With AI on enterprise data, this pattern shifts fundamentally. The AI is not a user in the classical sense. It is generally authorised — otherwise it could not access the data stored in the vector store. The actual access control does not occur between AI and data, but between AI and the requesting user.
The question is not: May the AI read this chunk? The question is: May the AI include this chunk in the response to this user?
This means: the AI acts as a broker. It mediates between the organisation's knowledge base and the individual employee. And like any broker, it needs clear rules about what it may pass on to whom.
A Three-Layer Architecture
The solution requires three separate layers, each addressing an independent concern. This separation is architecturally critical: if you mix the layers, you end up with a system that is neither auditable nor maintainable.
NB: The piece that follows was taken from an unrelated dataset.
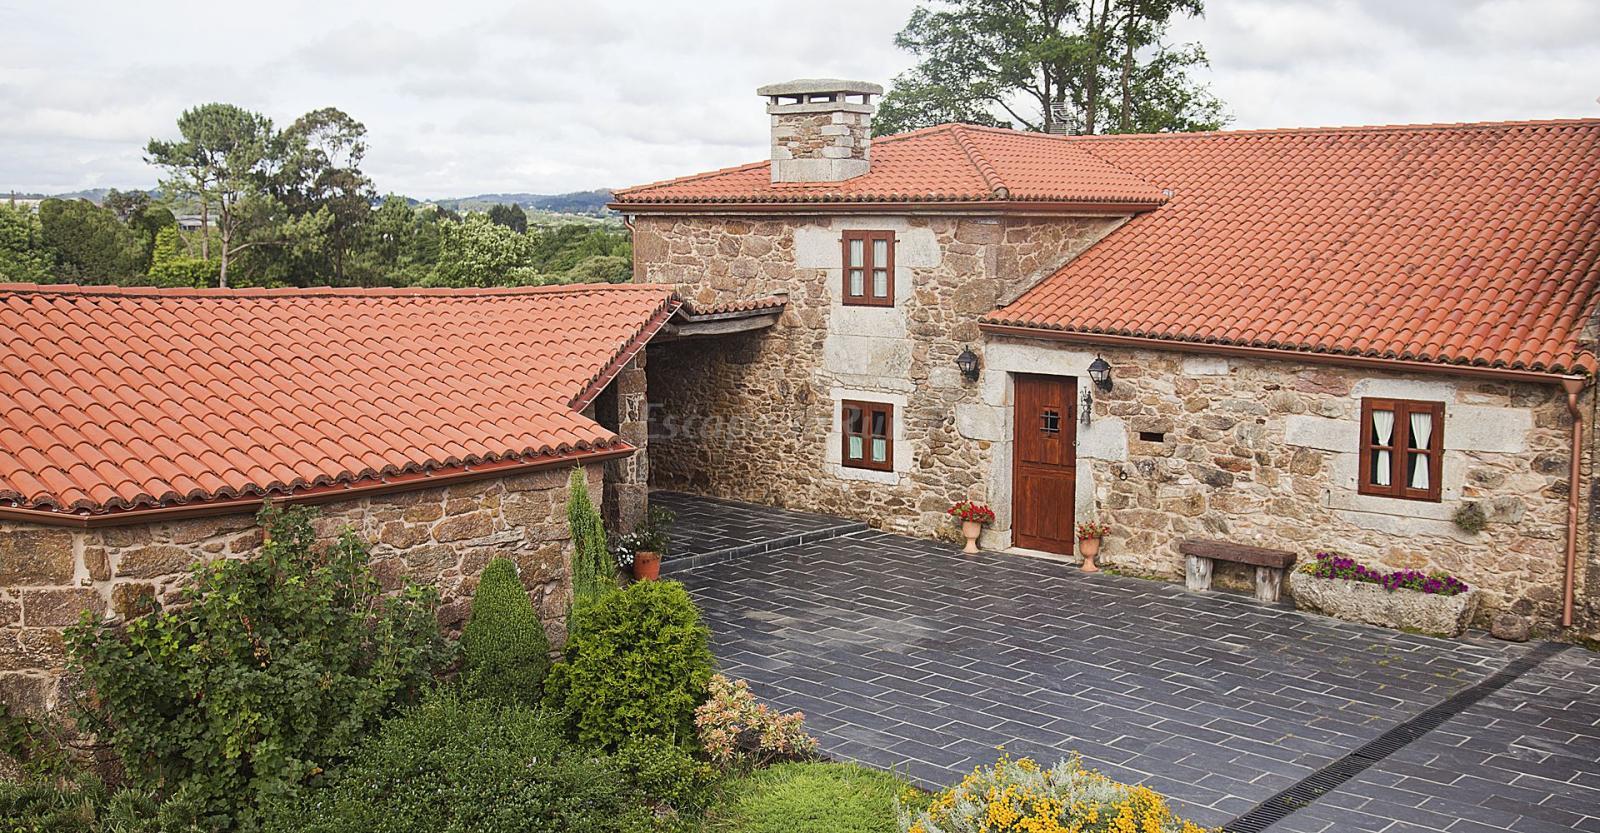 Fotos de casa lugar de trasande casa rural en a laracha - Casas en a coruna ...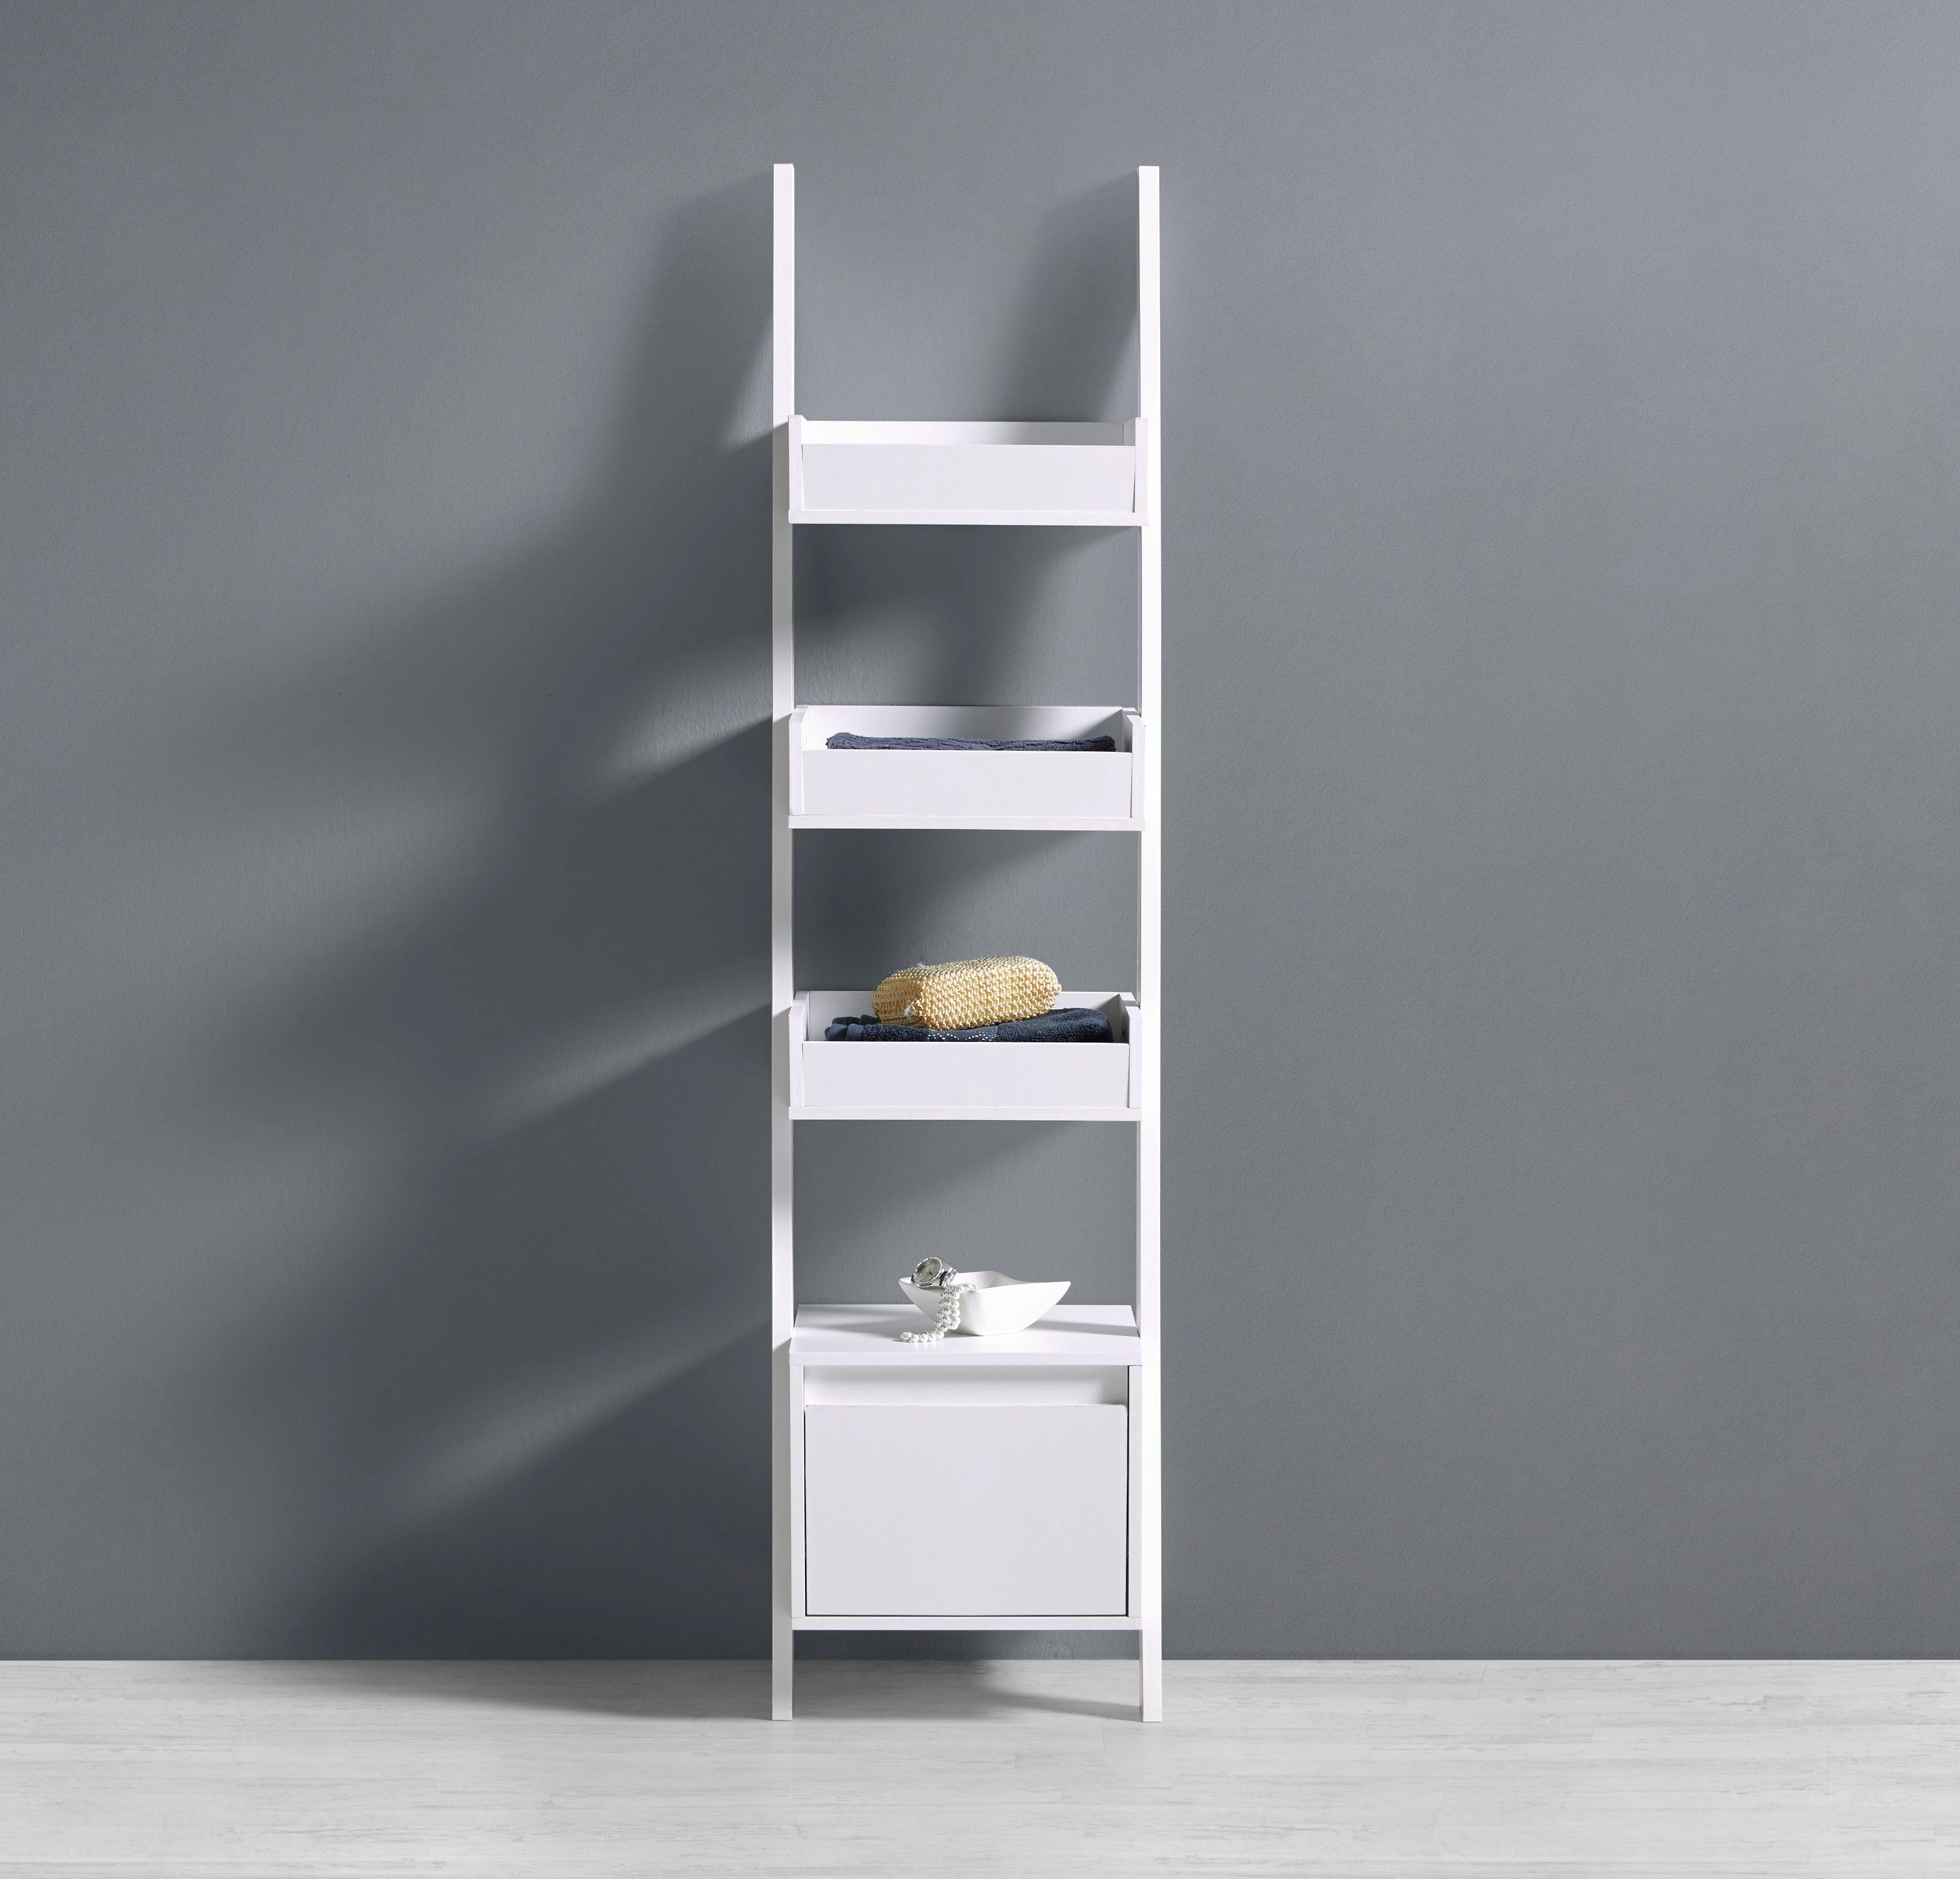 Regal Basic - Weiß, MODERN, Holz/Holzwerkstoff (36/146,5/36,5cm) - MODERN LIVING

Layer 1: Ingestion — Classification at Data Intake
When loading documents into the vector store, the resulting chunks must be tagged with metadata. Not with permission information — because permissions change — but with classification attributes: confidentiality level, organisational unit, data type, regulatory category, source system.
This separation is key: the question "What properties does this document have?" is stable. The question "Who may see it?" changes with every personnel change.
There are three approaches for the origin of these attributes:
Source system inheritance. Metadata is taken from existing systems — SharePoint classifications, DMS categories, SAP permission groups. This is the lowest-cost approach, but only as reliable as the data maintenance in the source system. In practice, this reliability is often limited.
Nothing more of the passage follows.